What’s surprising is that I’m beginning to see people in a whole new light. Anyway, enough of this depressing talk, it’s time to get going. Did you know that this quarter has Moorish influences and that it dates back to the Romans? But even they weren’t the first settlers here.’

  Reid pulls me to my feet, and I can see that he wants to kiss me, but there are too many people around, so we set off again. The pavement gets even narrower and for a while we walk in the road as it’s so busy, but Reid doesn’t let go of my hand. He’s talking to me the whole time, my own personal tour guide, although it’s hard to stop my thoughts from whirling around inside my head.

  I think about the problems surrounding him and his life and heave a sigh. Even from the little he told me while we were together at the beach, I can’t help but be worried for him. What if he isn’t over Beatriz and they have that toxic but addictive sort of relationship where you can’t live with someone, but you can’t live without them either?

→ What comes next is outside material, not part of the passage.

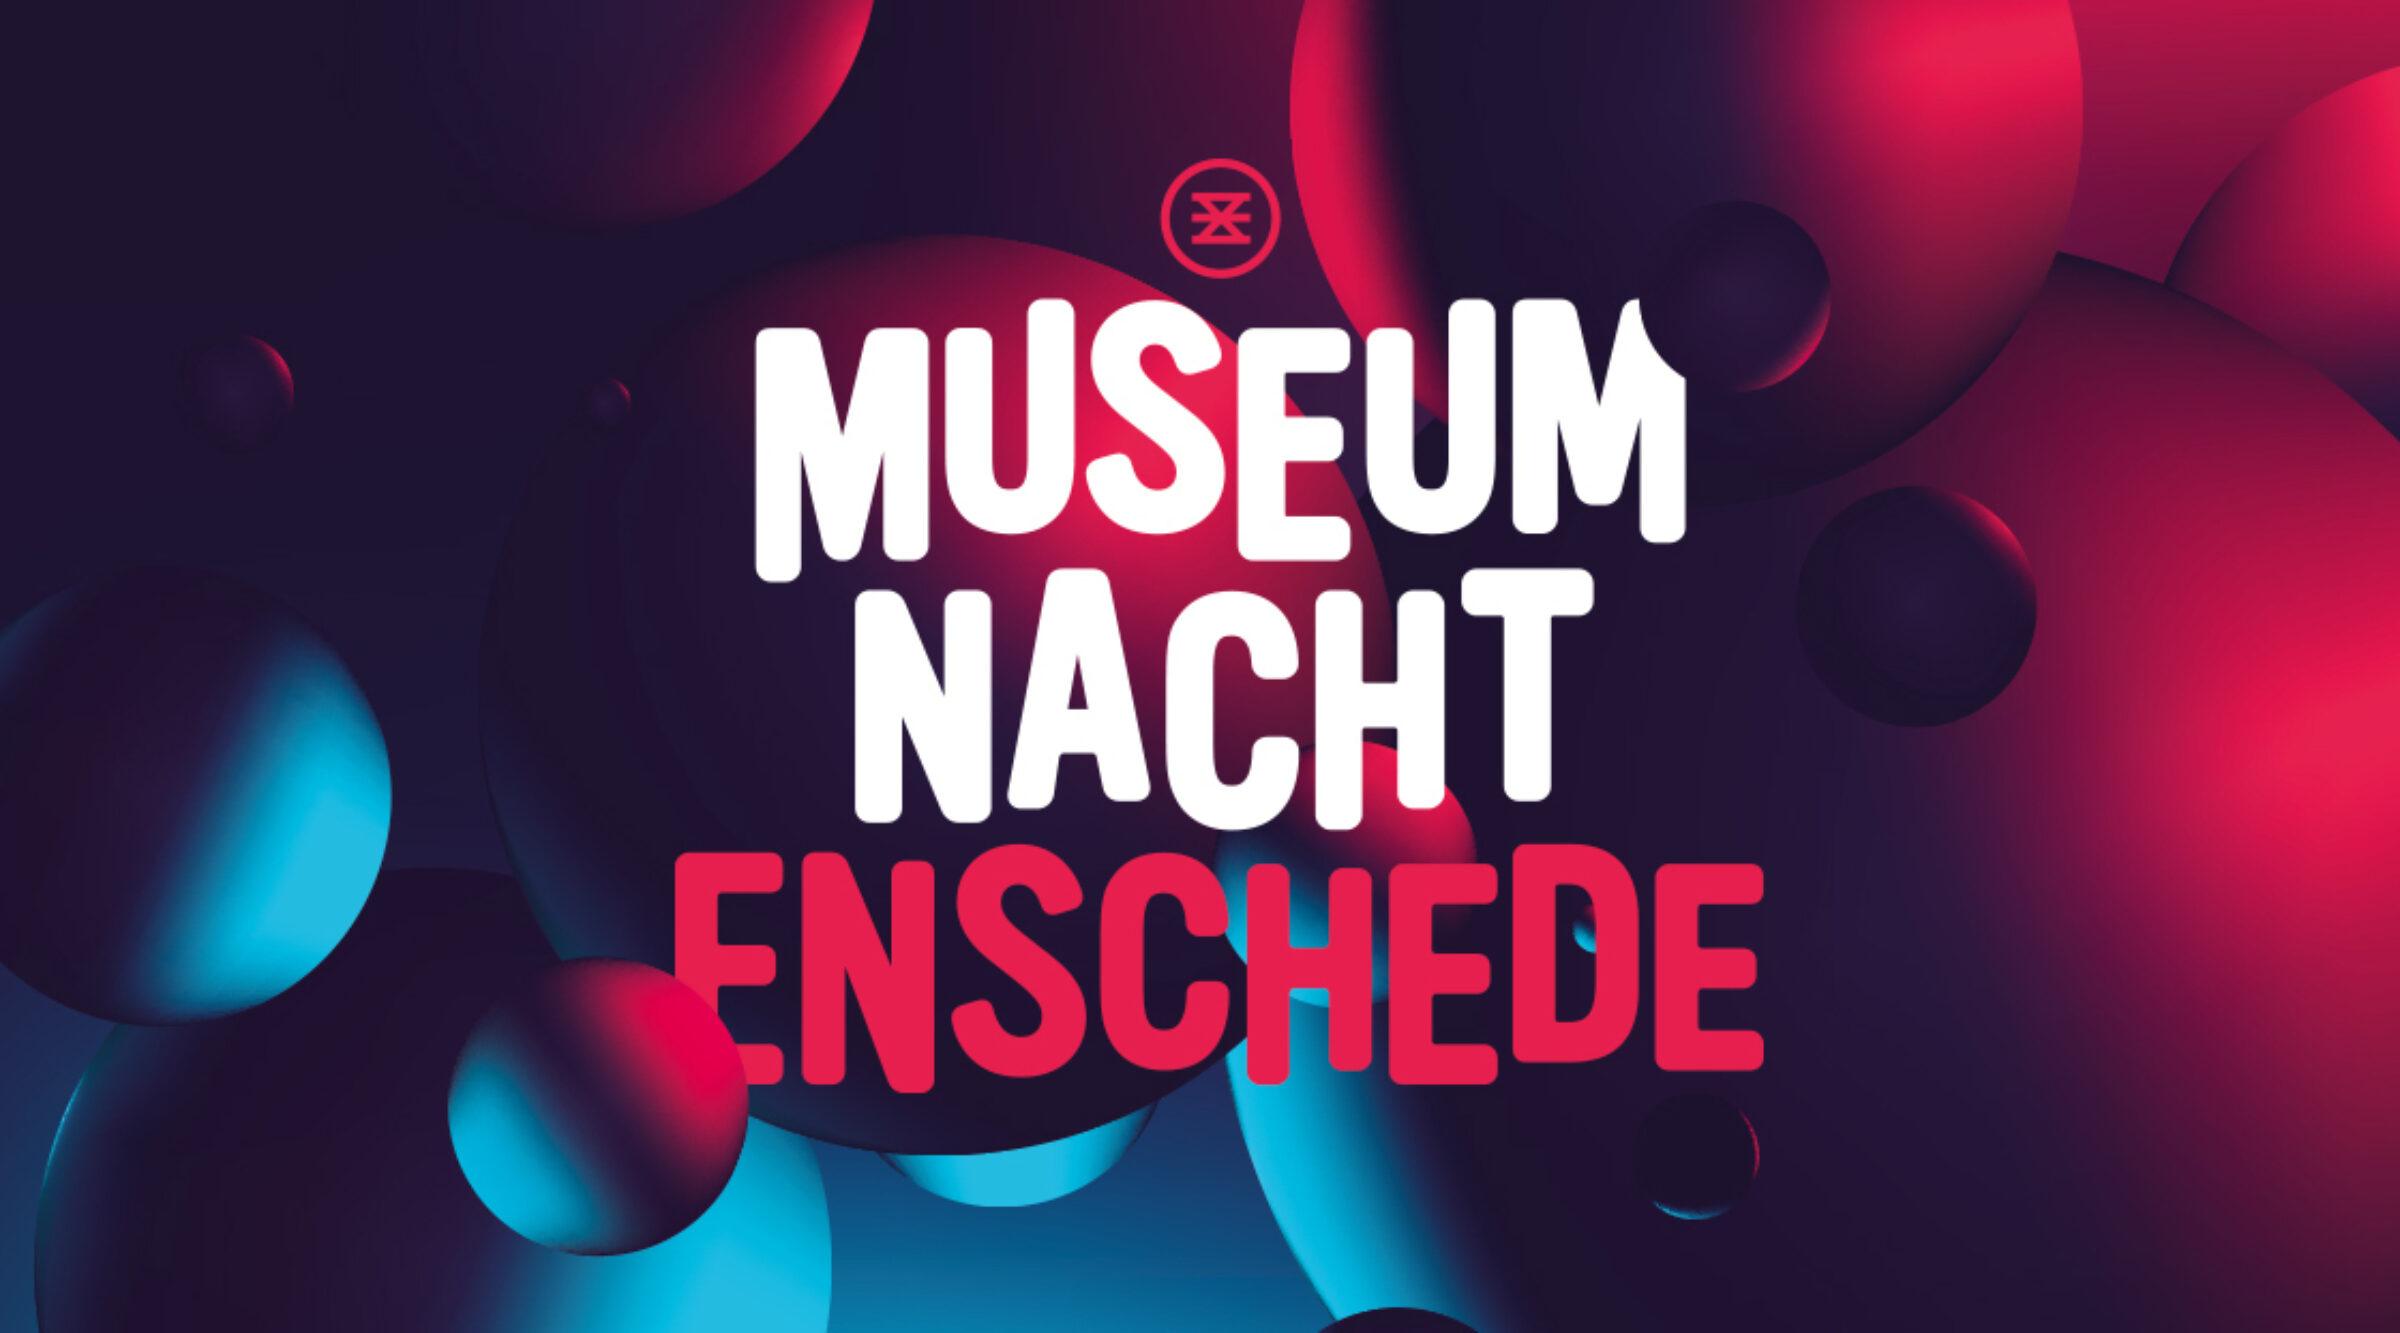 Museumnacht Enschede 3374 1565696365 35hxmn23c8

  Selling the property in Sintra would allow Reid to cut all financial ties with Beatriz and I know he said that he would lose money, but at least he’d be free. I realise that it represents everything he’s worked towards, but the consequence of not selling it is a huge price to pay in order to realise a dream. It could be years before he’s able to buy his freedom. How sad, especially as Beatriz is now making her presence felt. My intuition is telling me that Reid knows what’s happening, but whether he has an issue with that, I have absolutely no idea at all.

  We are at two opposite ends of the spectrum when it comes to what we want out of life and yet I wouldn’t change one single second of the precious time we spend together.

  I’m so engrossed in my own thoughts that I’m surprised when we reach a flat, balustraded garden, with a vine-clad pergola, known as a loggia. It runs along the entire length of a terrace to our right. Straight ahead of us, in the far corner, a courtyard is formed by the walls of a church. We walk past a rectangular pond, to a pretty, circular feature with a stone bust set on a plinth in the centre of it. Around it, is an arrangement of small shrubs and the pathway is formed in two-tone, limestone cobbles in a stone colour and dark grey. The attention to detail in these beautifully formed paths is so typical of Lisbon. It must take hours to place the cobbles so tightly together that they form perfect curves as the dark grey runs around the edges like a border of ribbon.